I'm biased but I think my Rinse FM show is a great place to discover new rap artists, the show is super underground but 2 years ago I was playing songs by Chance
the Rapper and Vic Mensa who have since gone on to do big things, they've collaborated with Justin Bieber and Kanye West respectively.
Outside of my show, I find blogs like NahRight and 2DopeBoyz still cover all bases and Illroots is good for the more hype, party tunes and less backpack sounding rap music. Also for anyone following what's happening in Chicago, Andrew Barber's blog FakeShoreDrive is the one.
. Lily, can you recommend our readers the best places to listen to great hip hop and the best festival/concerts?

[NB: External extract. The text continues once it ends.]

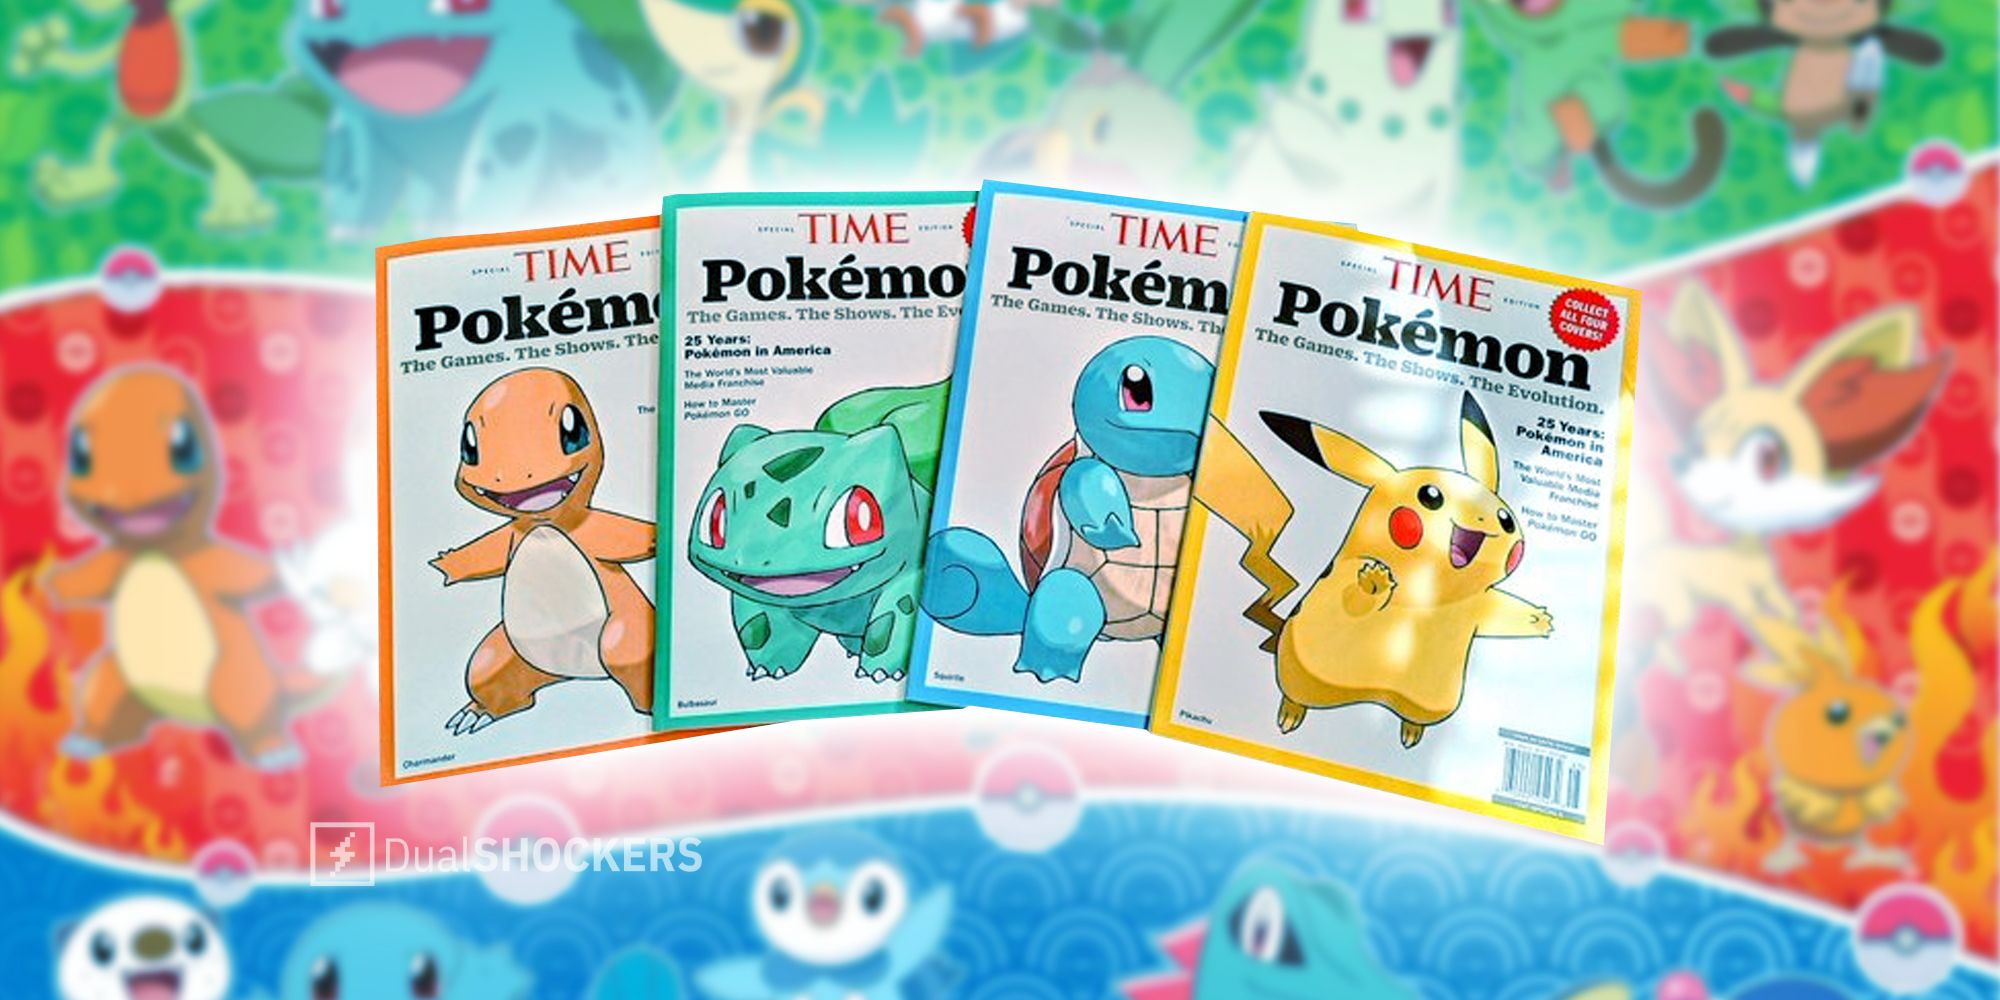 Pokemon Time Magazine covers

For festivals and concerts, I think the US have some great ones like SXSW and Coachella. But in the UK there are some great festivals too like Boomtown and Ceremony. I prefer those two to the commercial ones like Wireless. For shows, Oslo is my favourite venue in London because their sound system literally vibrates your whole body. It's a feeling you only get at Notting Hill Carnival once a year but Oslo thankfully have shows all year round. For larger shows, Village Underground is a great setting and for the emerging artists, Birthdays in Dalston is essential. East London wins for show venues, hands down.

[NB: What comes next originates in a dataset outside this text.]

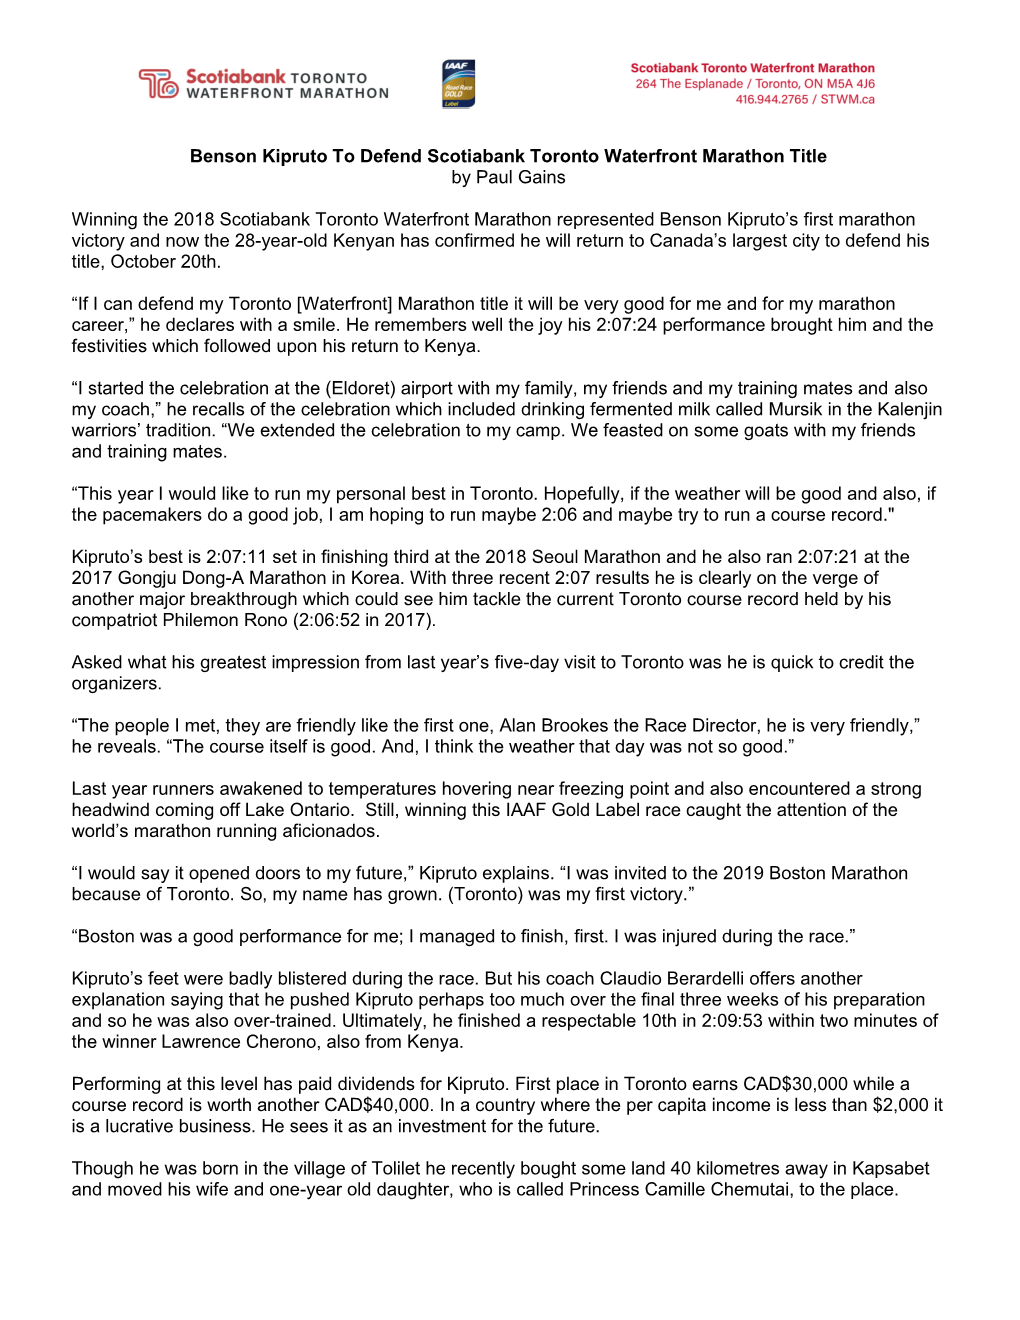 Benson Kipruto to Defend Scotiabank Toronto Waterfront Marathon Title by Paul Gains

. You know Resuer is only for curios people…therefore let’s end this article with a confession: you met and spoke to so many fascinating rappers, bad man has always a certain appeal..have you ever fell for someone??? (if she can’t answer, is there anyone you remember the most?)
Ha ha, interviews are pretty intimate and things can get a little flirty but if there's one thing I've learnt in my career, it's that you shouldn't fall for a rapper.
Everything’s clear, b-boys and b-girls????